Most of America’s new power-generating capacity over the past two years has been wind and solar. Wind and solar account for about 8 percent of the nation’s grid, rising from less than 1 percent a decade ago.
“We are in the 21st century and have simply built a better mousetrap to stop climate change, and that is renewable energy,” Damon Moglen, a senior strategic adviser focused on nuclear energy at Friends of the Earth, told the Washington Examiner. “Renewable energy is kicking the [butt] of the nuclear and fossil fuel industry in producing low-cost, clean energy.”
Some environmentalists are more nuanced in how they view nuclear power’s place in a transitioning energy grid.
The Natural Resources Defense Council supports efforts in states such as Illinois that have moved to compensate nuclear plants for their zero-carbon value.
New York has implemented a similar program.
Both states have adopted zero-carbon energy credits, in which the state issues credits to nuclear plants for generating carbon-free power, which they can sell on the open market to raise revenue.
Ohio considered a similar proposal, but it failed to advance, and no such mechanism exists in Pennsylvania, the two states where FirstEnergy’s closing plants operate.
“A majority of the 99 U.S. nuclear reactors are not in immediate economic distress like those of FirstEnergy. But given the risks of climate change, those nuclear plants at risk of abrupt closure may need some temporary support,” Matthew McKinzie, a senior scientist at the Natural Resources Defense Council, told the Washington Examiner.
McKinzie added that given the high cost of building new nuclear plants, the U.S. should aim to invest long term in “reliable, clean-energy solutions like solar, wind and efficiency measures to step in and take its place.”
McKinzie and McBride, like all others interviewed for this article, oppose FirstEnergy’s request for an emergency bailout from the Energy Department.
“It’s not a viable solution in the long term to be using these emergency measures to prop up nuclear,” McBride said. “You can’t expect to save an industry by having the federal government come and bail you out anytime you can’t compete on cost.”
Energy Secretary Rick Perry is expected to make a decision soon on whether to grant a petition under section 202(c) of the Federal Power Act, which gives him the authority to direct the “temporary” continued use of power plants in circumstances that include war, energy shortages, or sudden surges in demand.
The measure is not meant to be used for economic reasons. FirstEnergy’s coal and nuclear divisions recently filed for Chapter 11 bankruptcy protection.
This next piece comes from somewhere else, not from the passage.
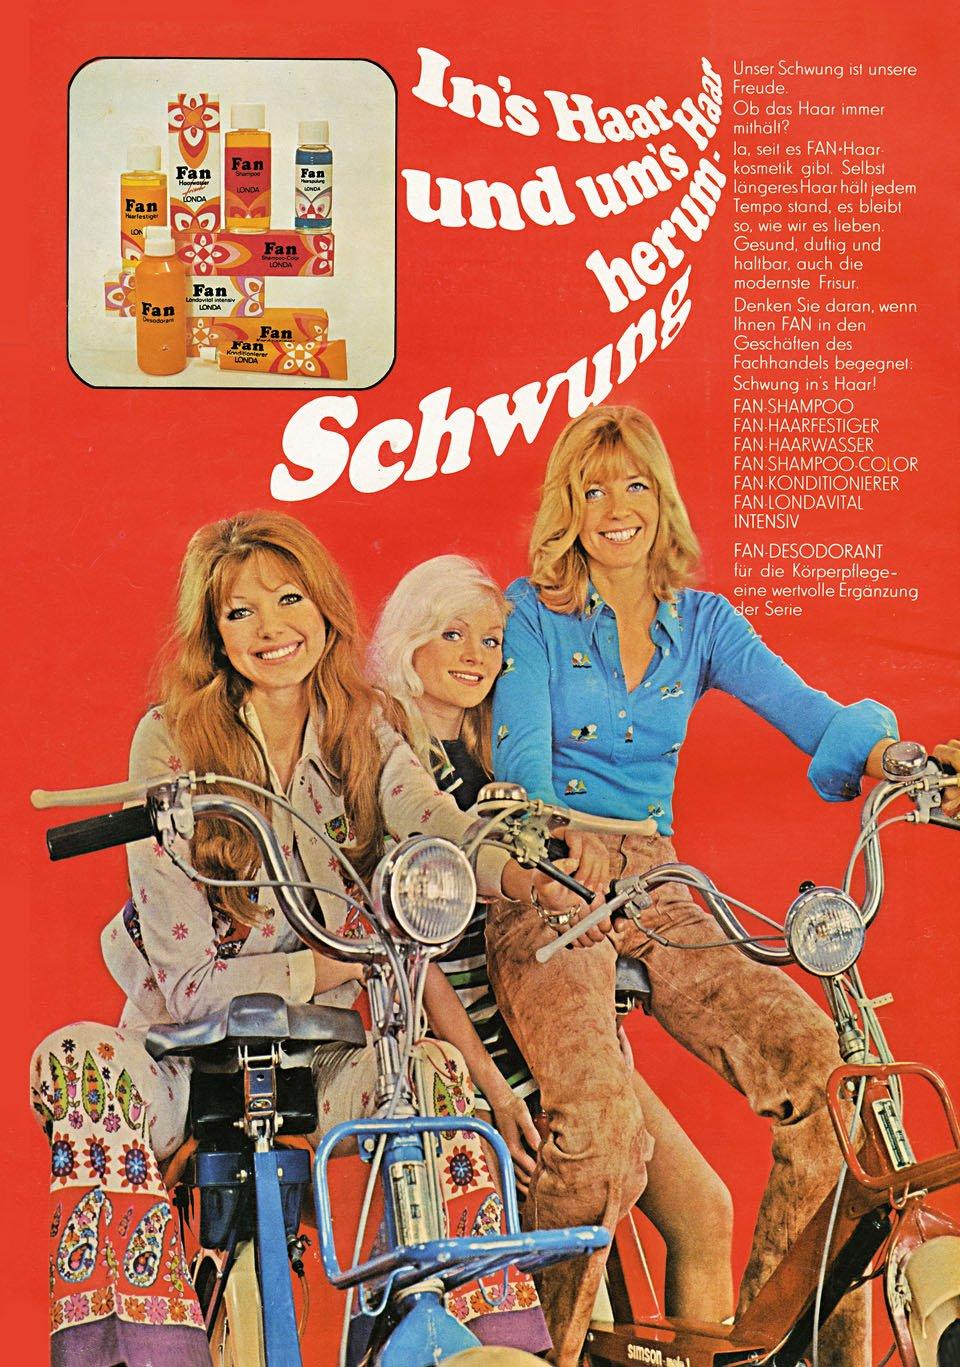 Anuncio para os produtos para pelo Fan, 1973

Perry on Monday expressed doubt that he would approve FirstEnergy’s request, but said he is considering other options.
“My job is to find solutions to challenges that face us,” Perry said after addressing the Bloomberg New Energy Finance conference in New York. “The 202(c) may not be the way we decide is most appropriate — the most efficient way to address this. It is not the only play.”
McBride said it would be wrong for policymakers to forget about nuclear’s plight after Perry makes his decision.
“It’s hard. There aren’t many people at this point who are strongly advocating for nuclear plants to close,” he said. “Almost all people whose first priority is climate change support doing anything we can to support existing plants. It’s almost a no-win situation.”